Тем же вечером наши старые немецкие друзья, доктор Б. с его женой, пришли навестить нас в сопровождении их сына-студента Оскара. Всё было в порядке, пока мы не упомянули Гитлера и текущую ситуацию.

"Только не здесь, не в гостиничном номере, – сказали они, понизив голос и беспокойно оглядываясь по сторонам, будто боялись, что где-то мог быть спрятан подслушивающий аппарат или что всё вокруг заминировано. – Приходите к нам завтра на ужин, и тогда мы сможем проболтать весь вечер".

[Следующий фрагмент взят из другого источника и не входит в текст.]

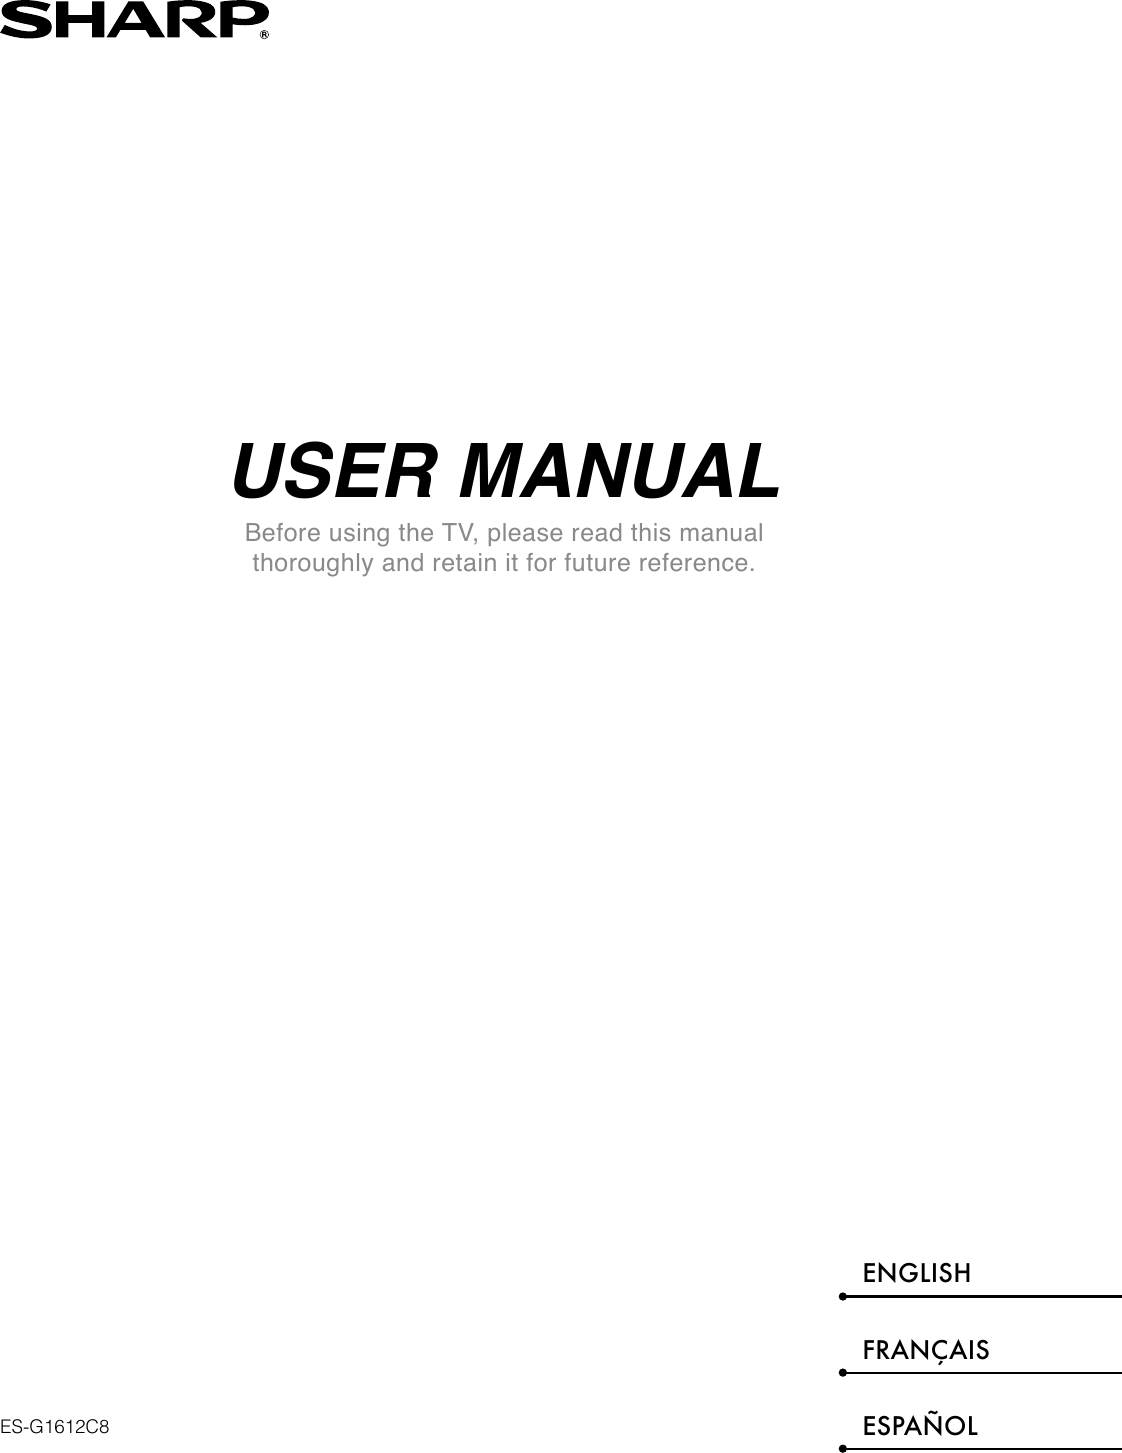 USER MANUALBefore using the TV, please read this manual thoroughly and retain it for future reference.ENGLISHFRANÇAISESPAÑOLES-G1612C8

Тем не менее даже там, в уединении своего собственного дома, они вели себя нервозно и во время трапезы старательно избегали упоминания Гитлера и всех других, связанных с чисткой. Только позже, когда мы, перейдя из столовой в кабинет доктора, комфортно устроились в огромных мягких креслах вокруг другого стола, уставленного всевозможными сытными десертами и очередными чашками с кофе, фрау Б. со вздохом облегчения заметила: "Ну что ж, мои дорогие друзья, тут гораздо лучше. Теперь мы одни – даже служанка ушла – и сможем спокойно поговорить".

"Но к чему весь этот страх? – спросил Вик. – Неужели в Германии напуган каждый дом?"

"А что бы вы сами почувствовали, если б в Америке внезапно были убиты мистер и миссис Гувер, а также несколько сенаторов и конгрессменов, высокопоставленных армейских офицеров и губернаторов штатов, и всё это случилось бы без каких-либо предупреждений за одну ночь? Вы бы тоже испугались".

"Но я не могу поверить, что американский народ спокойно бы к этому отнёсся. В конце концов, у фон Шлейхера – бывшего канцлера и генерала рейхсвера – должны быть тысячи друзей. И когда хладнокровно убивают его жену вместе со многими другими людьми, занимавшими видные посты, о которых вам даже не потрудились рассказать, мне думается, что такая высококультурная, цивилизованная нация, как ваша, должна была бы возмутиться и протестовать".

"Но ведь рейхсвер, Гинденбург, пресса – все на стороне Гитлера, говоря нам, народу, что он спас Германию".